The Security Service Tribunal

      The Act also provides for a tribunal, known as the Security

Service Tribunal, to deal with complaints:

      "5. (1) There shall be a Tribunal for the purpose of

      investigating complaints about the Service in the manner

      specified in Schedule 1 to this Act...

      (4) The decisions of the Tribunal and the Commissioner under that

      Schedule (including decisions as to their jurisdictions) shall

      not be subject to appeal or liable to be questioned in any

      court."

      Schedule 1 to the Act provides, inter alia:

      "1.  Any person may complain to the Tribunal if he is aggrieved

      by anything which he believes the Service has done in relation

      to him or to any property of his; and, unless the Tribunal

      consider that the complaint is frivolous or vexatious, they shall

      investigate it in accordance with this Schedule.

      2. (1) The Tribunal shall investigate whether the complainant has

      been the subject of inquiries by the Service.

      (2) If the Tribunal find that the Service has made inquiries

      about the complainant but that those inquiries had ceased at the

      time when the complaint was made, they shall determine whether,

      at the time when the inquiries were instituted, the Service had

      reasonable grounds for deciding to institute inquiries about the

      complainant in the discharge of its functions.

      (3) If the Tribunal find that inquiries by the Service about

      the complainant were continuing at the time when the complaint

      was made, they shall determine whether, at that time, the Service

      had reasonable grounds for deciding to continue inquiries about

      the complainant in the discharge of its functions...

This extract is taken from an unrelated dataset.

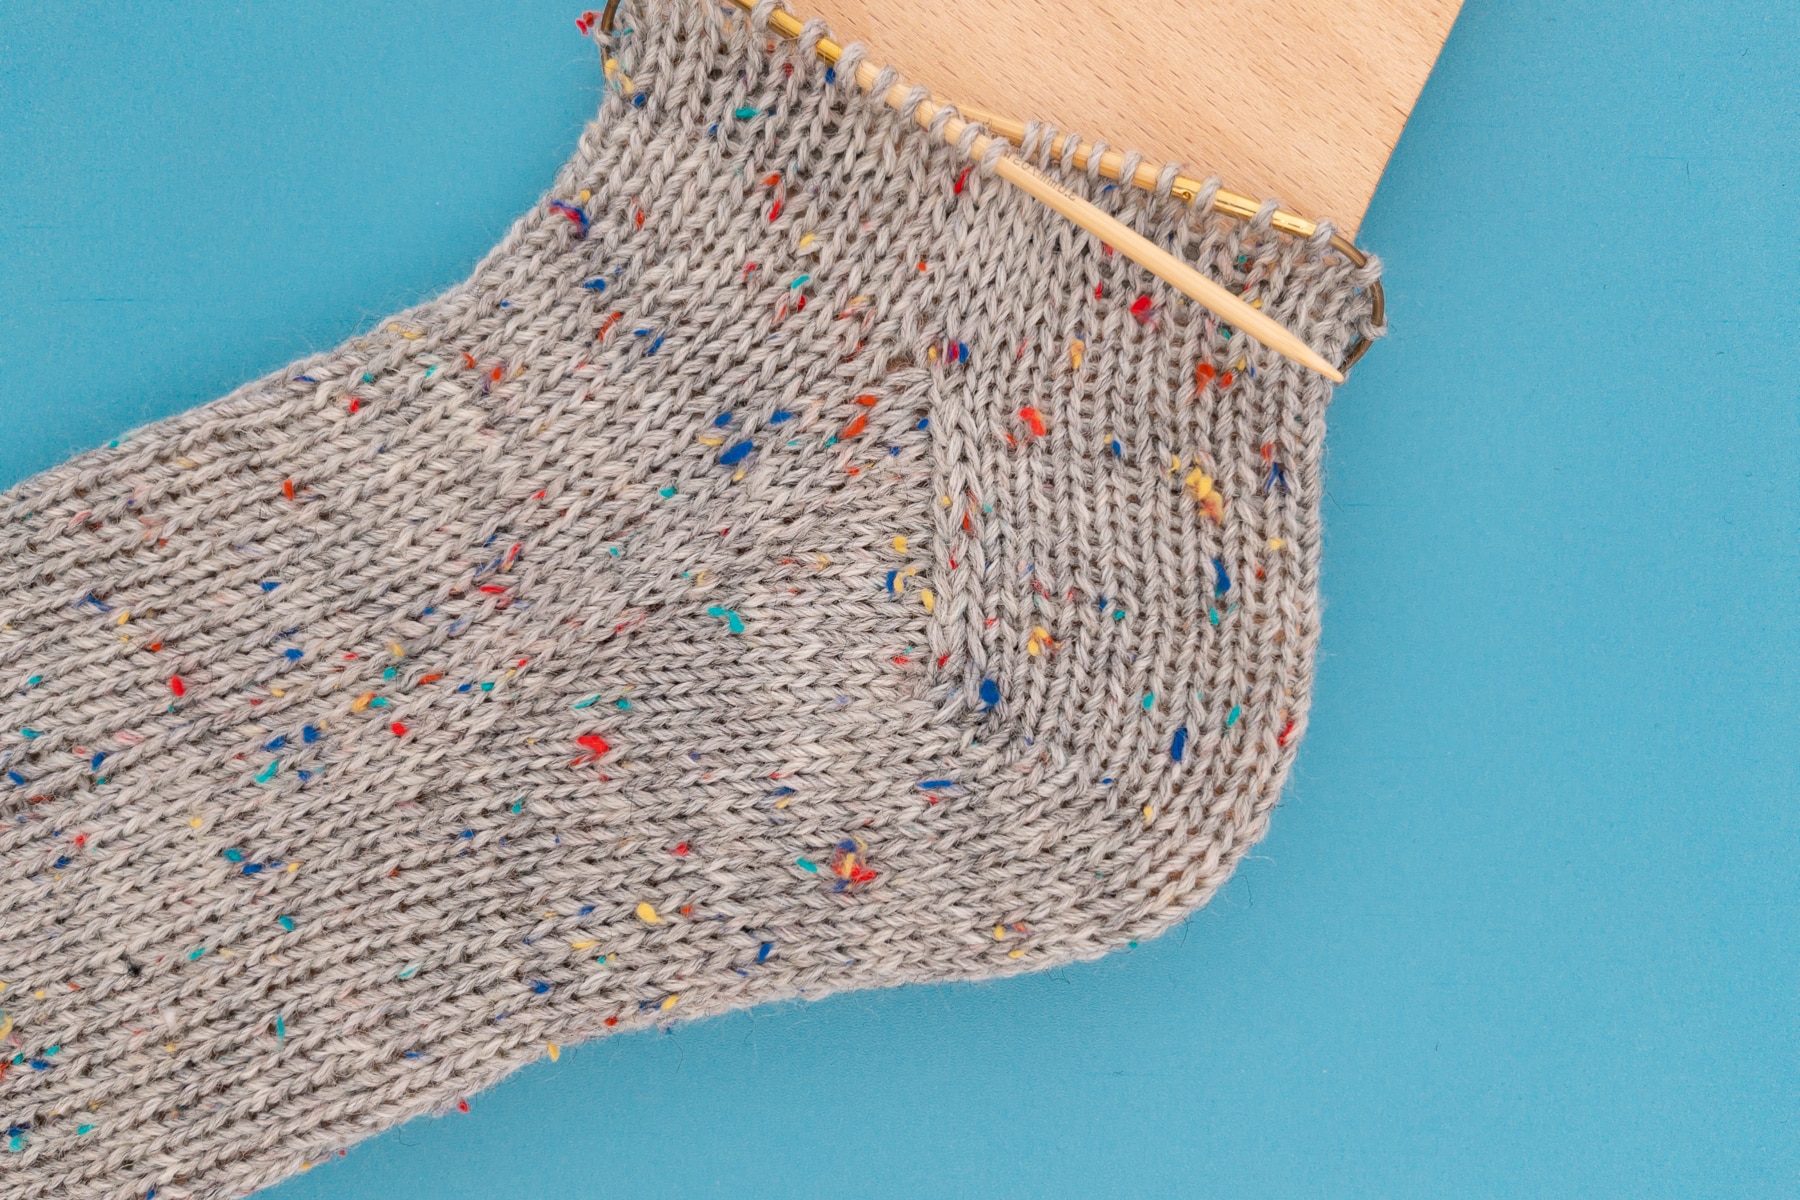 Knitting a Toe-Up Horseshoe Heel/Cap Heel with addiCraSyTrio, Needle Play or addiSock Wonder - free tutorial for beginners

      4. (1) If and so far as the complainant alleges that anything has

      been done by the Service in relation to any property of his, the

      Tribunal shall refer the complaint to the Commissioner who shall

      investigate whether a warrant has been issued under section 3 of

      this Act in respect of that property and if he finds that such

      a warrant has been issued he shall, applying the principles

      applied by a court on an application for judicial review,

      determine whether the Secretary of State was acting properly in

      issuing or renewing the warrant.

      (2) The Commissioner shall inform the Tribunal of his conclusion

      on any complaint so far as referred to him under this paragraph.

      5. (1) Where the Tribunal determine under paragraph 2 or 3 above

      that the Service did not have reasonable grounds for the decision

      or belief in question, they shall

           (a) give notice to the complainant that they have made a

           determination in his favour under that paragraph; and

           (b) make a report of their findings to the Secretary of

           State and to the Commissioner.

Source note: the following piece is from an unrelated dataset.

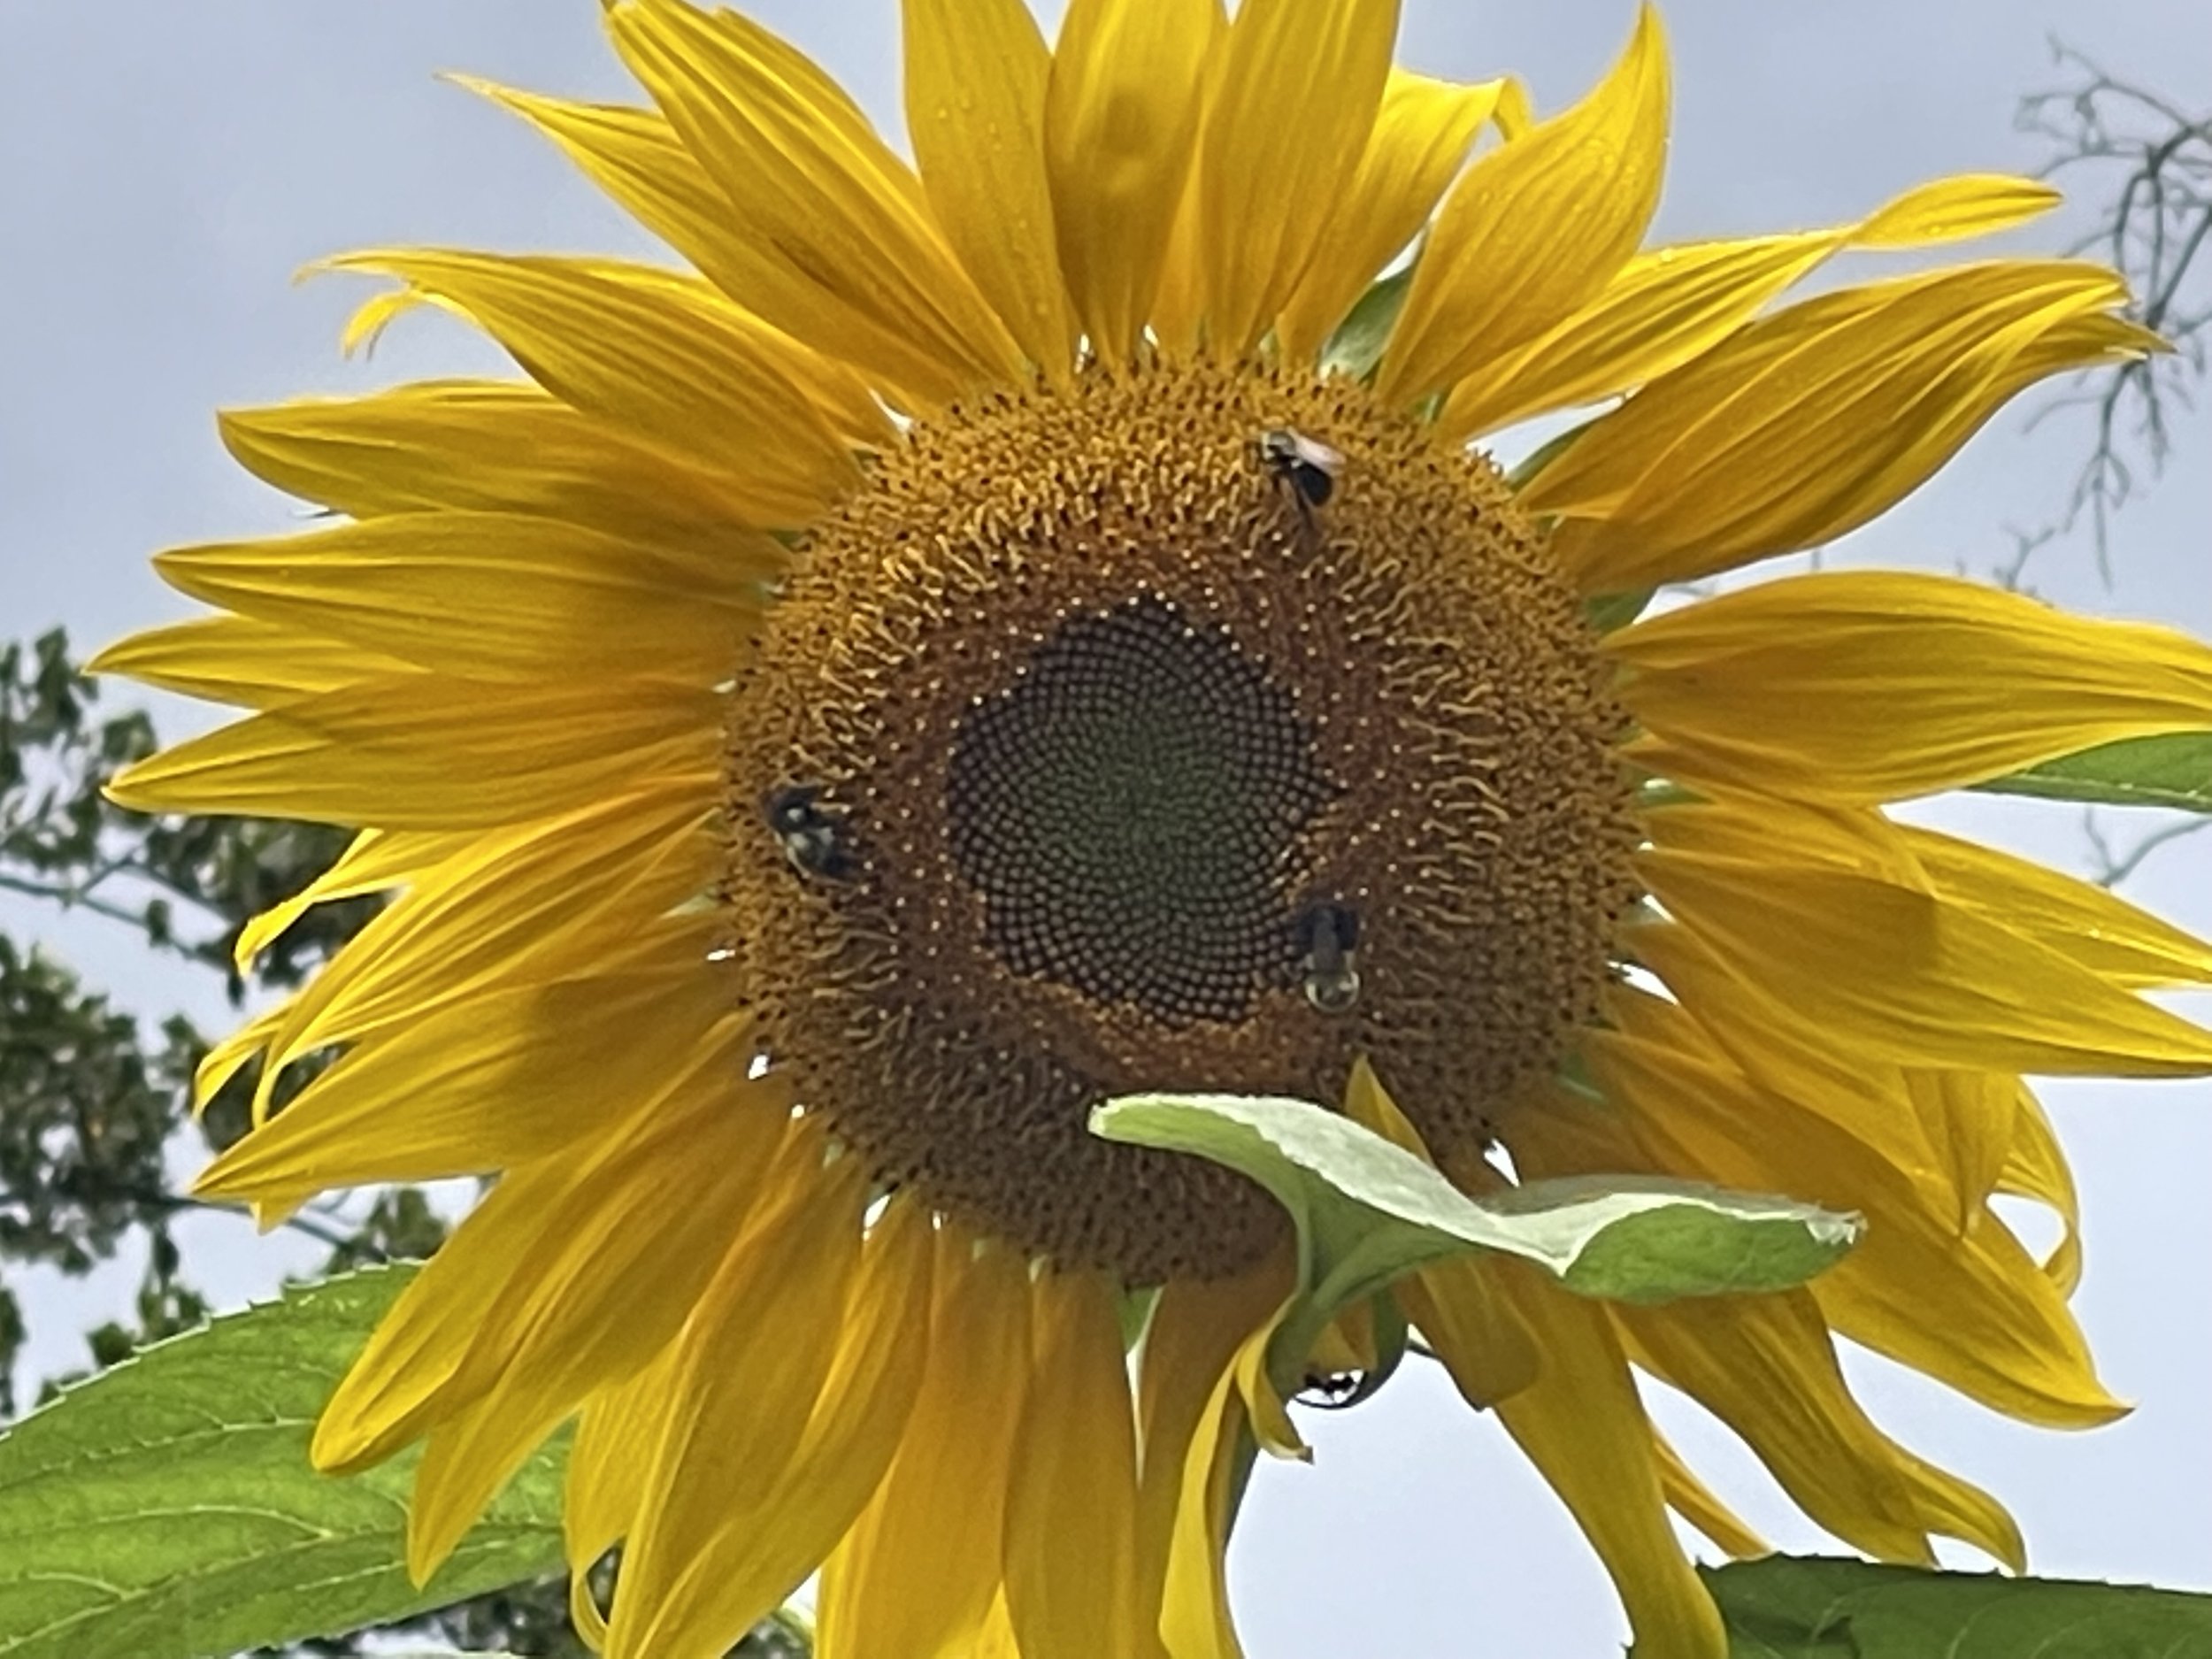 Thunderhorse-Hollow-Farm-summer-big-sunflower.jpg

      (2) The Tribunal shall also give notice to the complainant of any

      determination in his favour by the Commissioner under paragraph

      4 above.

      (3) Where in the case of any complaint no such determination as

      is mentioned in sub-paragraph (1) or (2) above is made by the

      Tribunal or the Commissioner the Tribunal shall give notice to

      the complainant that no determination in his favour has been made

      on his complaint.

      6. (1) Where the Tribunal give a complainant notice of such a

      determination as is mentioned in paragraph 5(1) above the

      Tribunal may

           (a) if the determination is under paragraph 2 above, order

           inquiries by the Service about the complainant to be ended

           and any records relating to such inquiries to be destroyed;

           (b) if the determination is under that paragraph or

           paragraph 3 above, direct the Secretary of State to pay to

           the complainant such sum by way of compensation as may be

           specified by the Tribunal.

      (2) Where the Tribunal give a complainant notice of such a

      determination as is mentioned in paragraph 5(2) above the

      Tribunal may

           (a) quash any warrant in respect of any property of the

           complainant which the Commissioner has found to have been

           improperly issued or renewed and which he considers should

           be quashed;

           (b) if the Commissioner considers that a sum should be paid

           to the complainant by way of compensation, direct the

           Secretary of State to pay to the complainant such sum as

           the Commissioner may specify."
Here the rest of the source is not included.